潜り込んだ手は、へそを起点に蛇のようにするすると這い、やがて股間へと辿り着いた。
「与平様は私を慰みにした時。一体わたくしをどのように辱めていたのでしょうか…」
彼女は既に屹立しかかっていた彼の肉棒に、華奢な指をそっと添える。
そして、そのままゆっくりと上下に擦り始めた。
「こんな風に、自分のものを擦りながら、どんな淫らな空想をなされていたのですか…?」
「そ、そんな…。こと、とてもじゃ、ないけど、言え、ない…くっ」
「恥ずかしがらなくても、いいのですよ。自分に素直におなりなさい。

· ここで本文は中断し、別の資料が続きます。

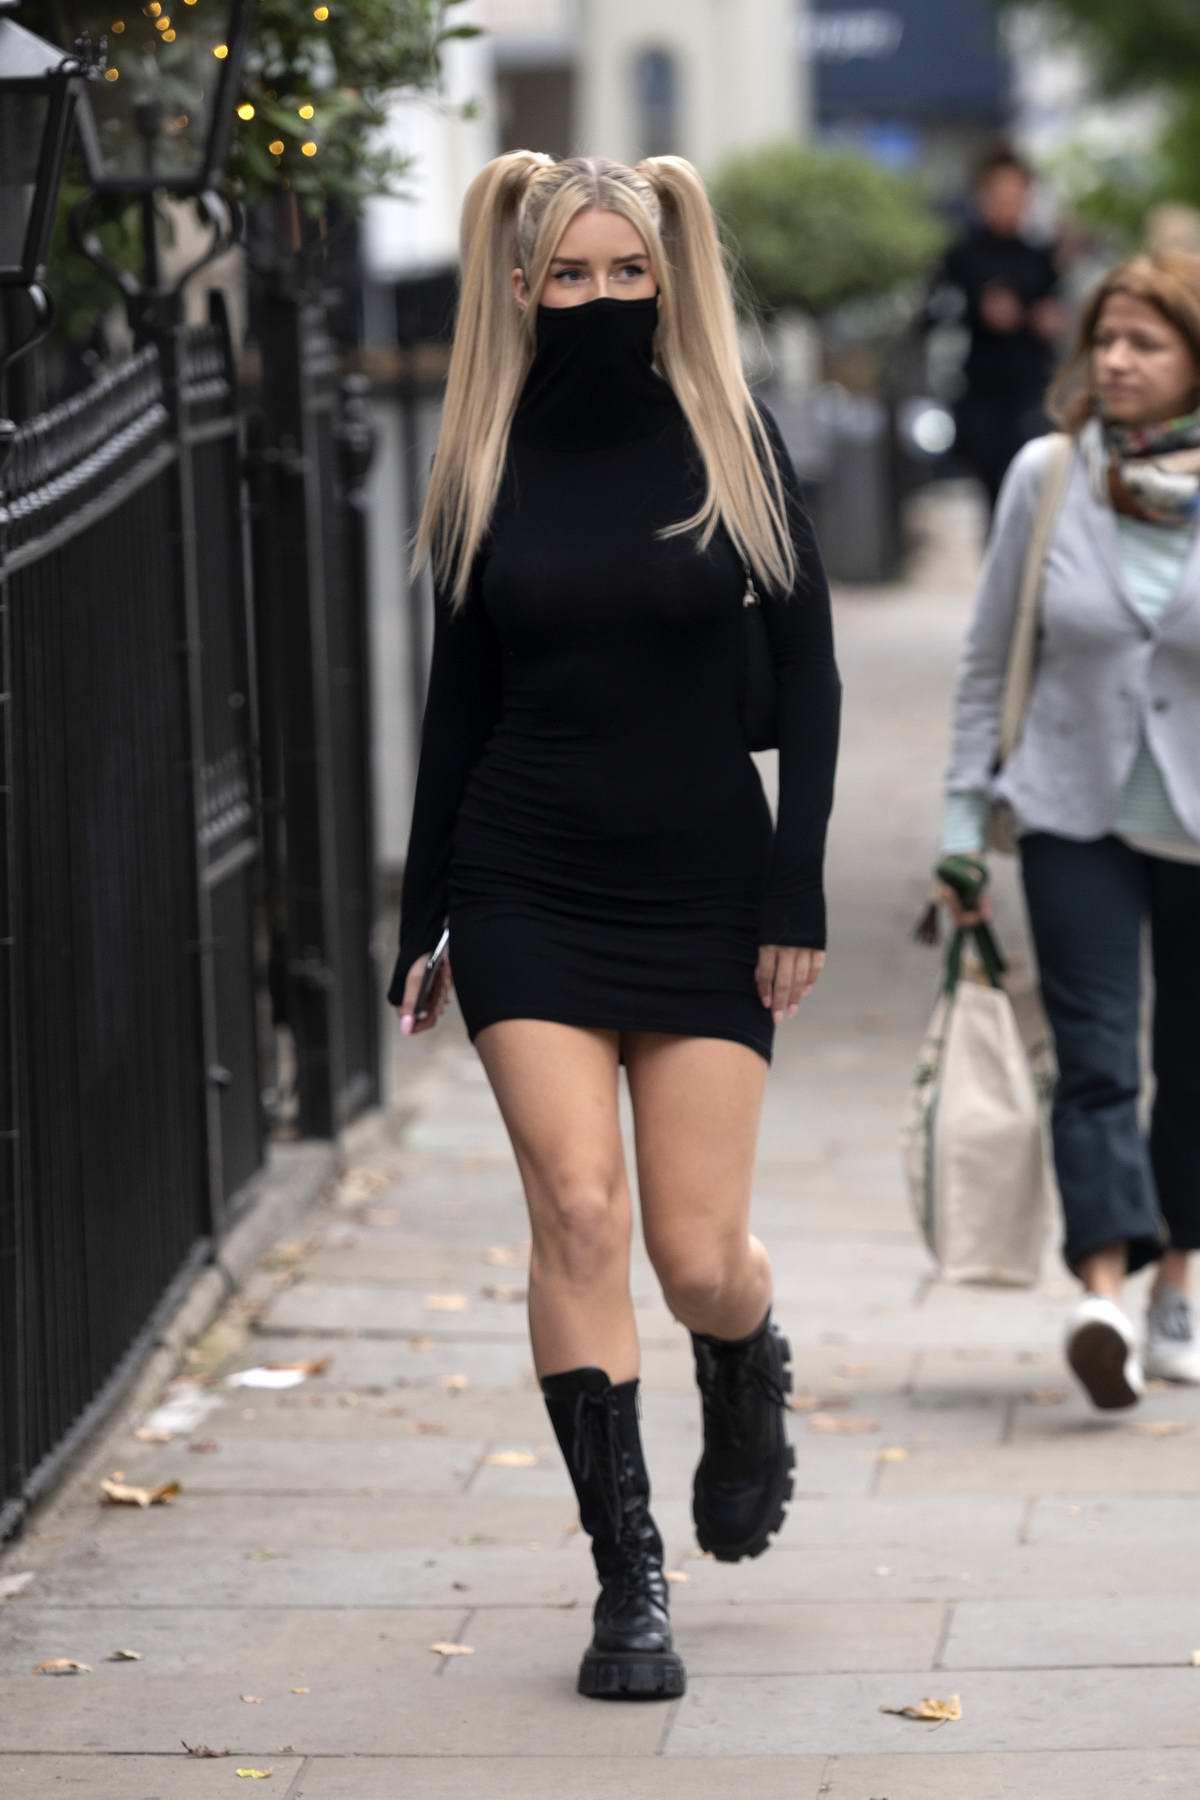 Lottie Moss steps out wearing PrettyLittleThing's black Mask Dress in London, UK

わたくしは与平様の全てを知りたいだけなのですから…」
おつるは優しく諭すように、耳元で囁いた。
彼女の生暖かい吐息が耳朶をくすぐり、甘い誘惑の言霊が鼓膜を伝って与平の頭に浸透する。
己の分身を撫でる肌触りの良い指の感触と相俟って、与平の思考を蕩けさせた。
「俺は、その…、おつるさんの、なんというか…」
「遠慮なさらないで…何言われてもわたくし怒りませんから…」
「わ、分かったよ…、お、おつるさんの…大事なところを。俺が自分の手で…弄り、ました」
「ふふ、なるほど……。いいですよ、与平様。貴方が夢想した時と同じよう、わたくしのあそこを触っても…」
「え…?」
おつるはそう言うと、自らの股座を見せつける体勢になった後、着物の裾を一捲りした。
すると下半身を隠すものは一切無くなり、女の秘所が与平の目の前に曝け出される。
途端、不規則に高鳴っていた与平の心の臓がひときわ大きく弾けた。
おつるの下腹部に引かれた綺麗な一本筋。その閉じられた溝から薄桃色の襞が少しはみ出していた。

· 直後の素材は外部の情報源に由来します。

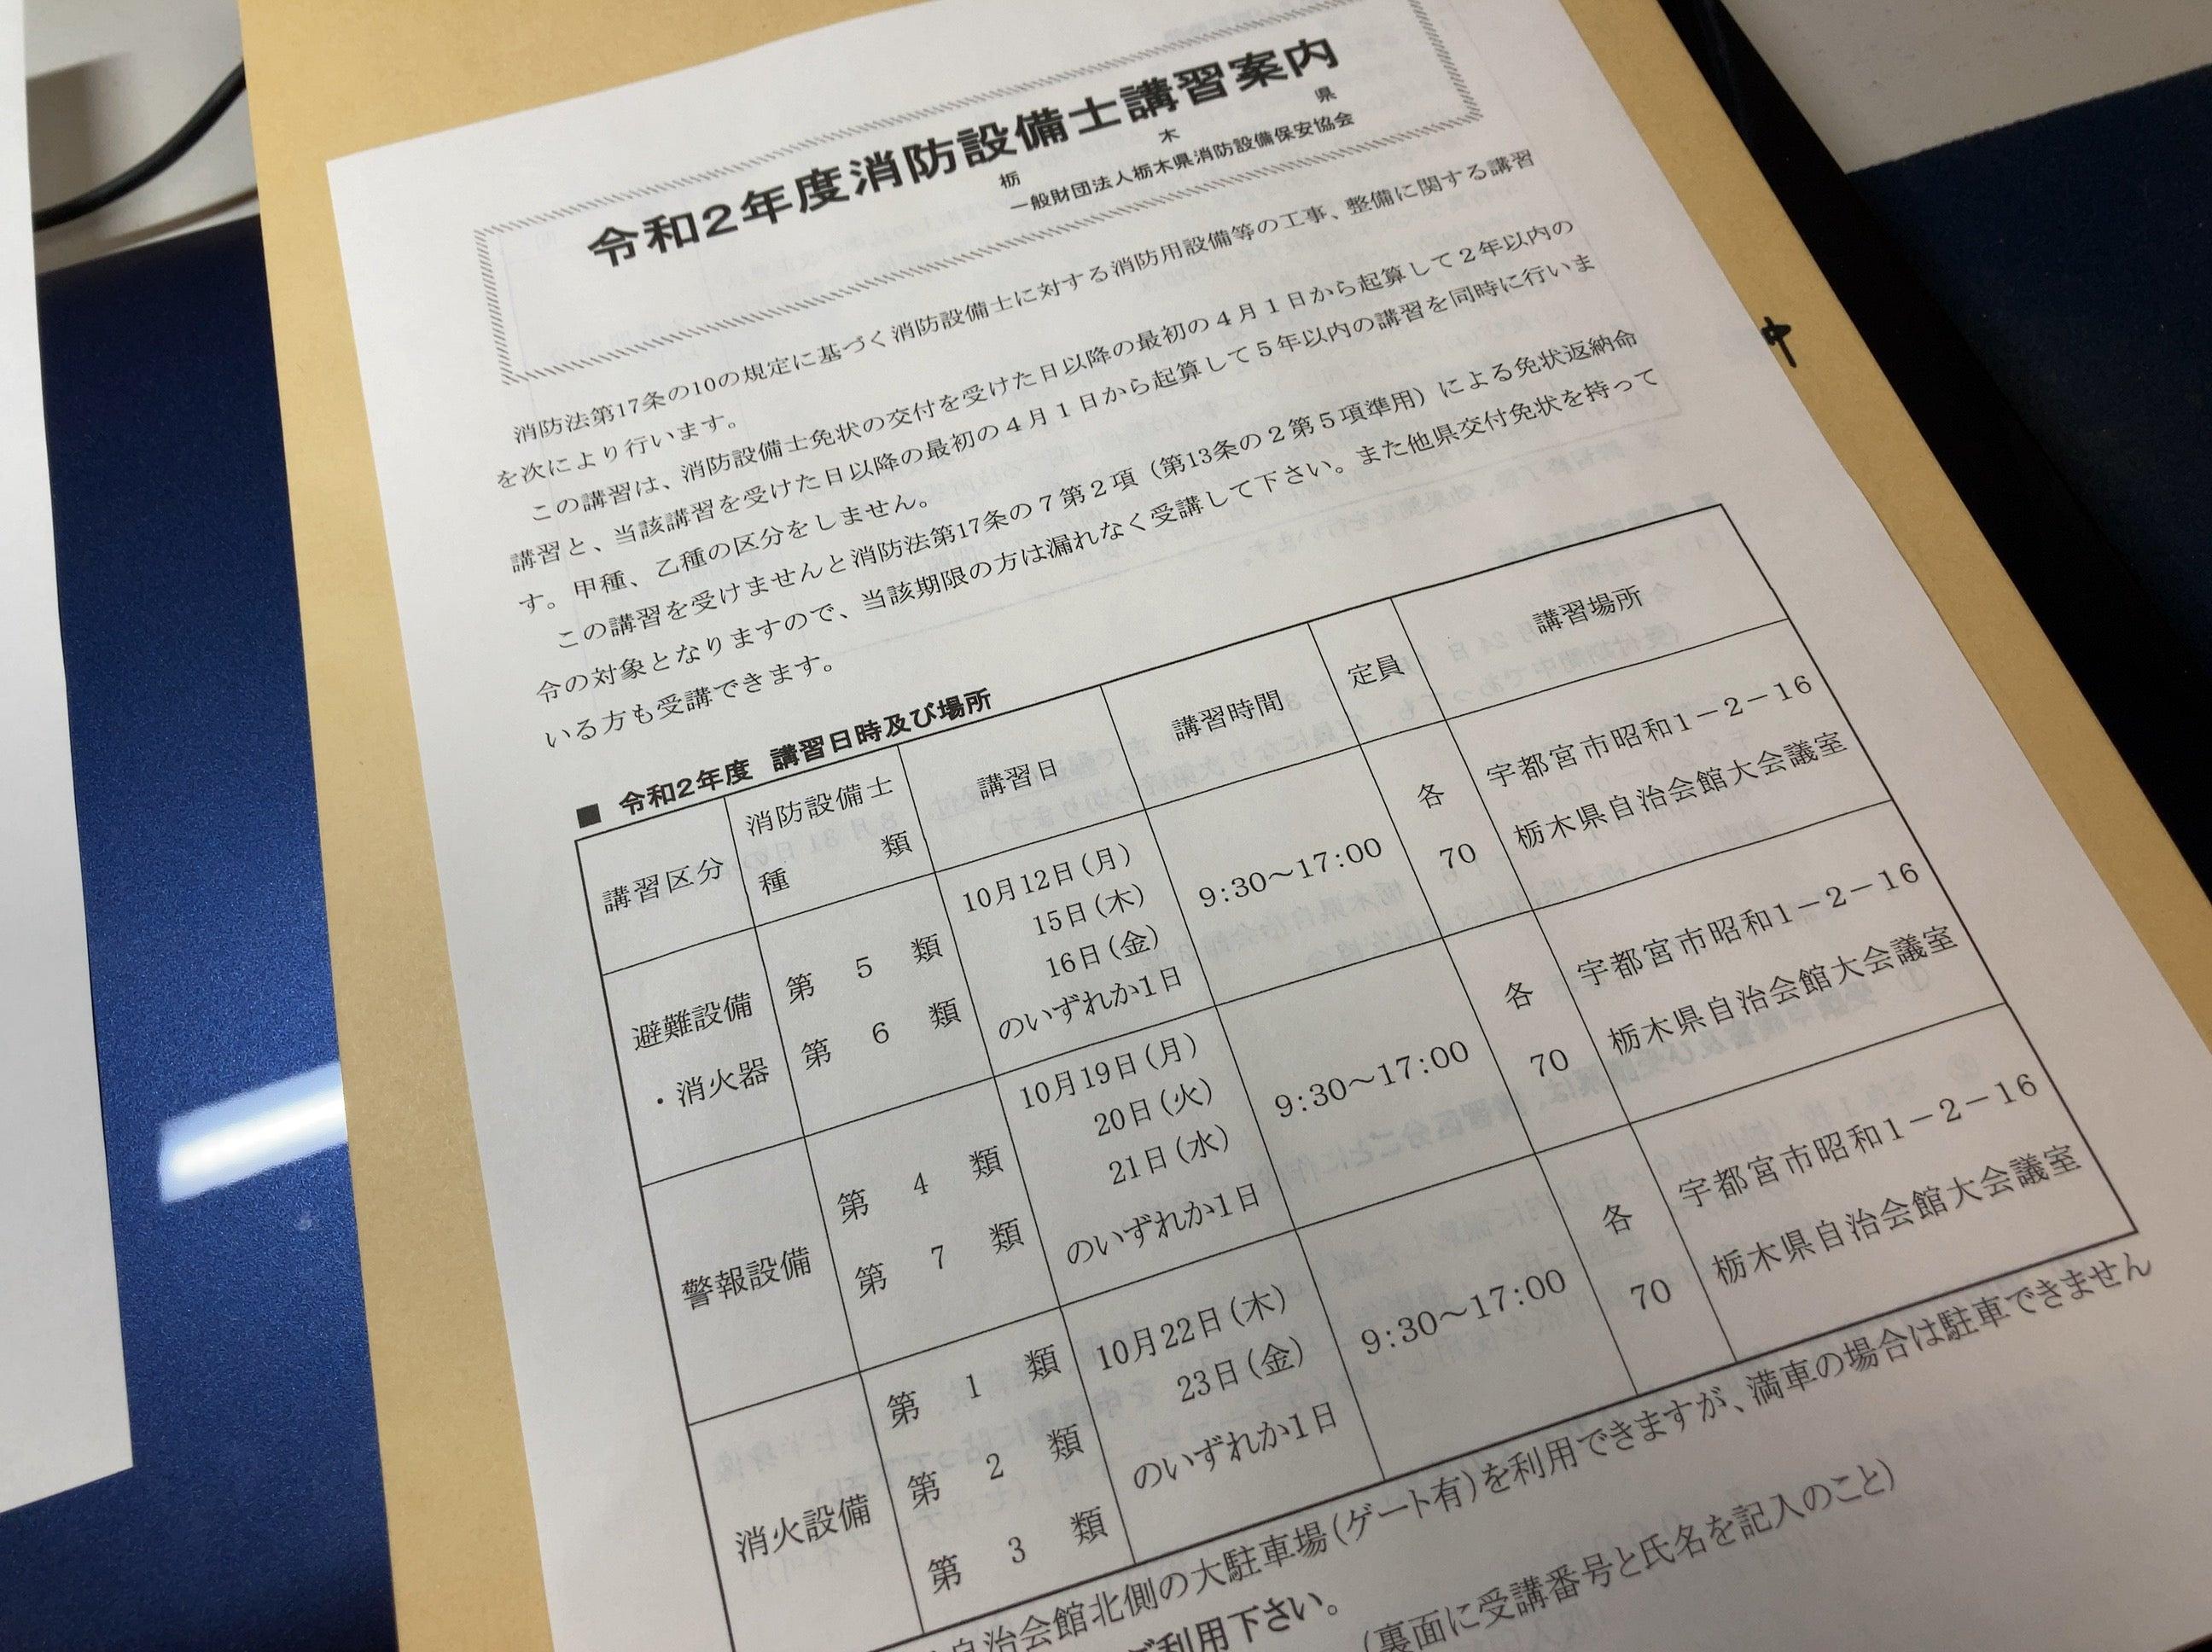 証紙 栃木 県 収入

覗き見した時には確認出来なかったが、割れ目の周囲には髪と同じ色の白い毛がうっすらと繁っている。
生まれて初めて見る女性の性器を目の当たりにした与平にとって、女体の神秘の象徴とも言えるその蠱惑的な光景に、生唾を呑まずにはいられなかった。
「さぁ、どうぞ…。お好きなように、このおつるめの秘所を弄んで下さい…」
「――ほんとうに良いんですか?」
「はい…」
「し、じゃあ。触るよ…。おつるさん……」
与平は震える手で、己の生涯において縁のないと思われていた女性の性器へと手を伸ばす。
中指と人差し指を差し出したまま溝口へと到達すると、まるで高価な芸術品を扱うかのように、スルスルと彼女の割れ目を行き来させた。
「ひぁ…、そう…それで、いいんです」
「おつるさんの、すごく綺麗…触り心地もいい…」
「ふふっ…ありがとう、ございます…ん」
与平の指先が割れ目を往復する都度、おつるは小さく悲鳴を上げ、身体が自分の手の動きに合わせて、快感に身を震わせる。
彼女の反応の良さに気をよくした与平は、調子に乗り、愛撫をいっそう激しくした。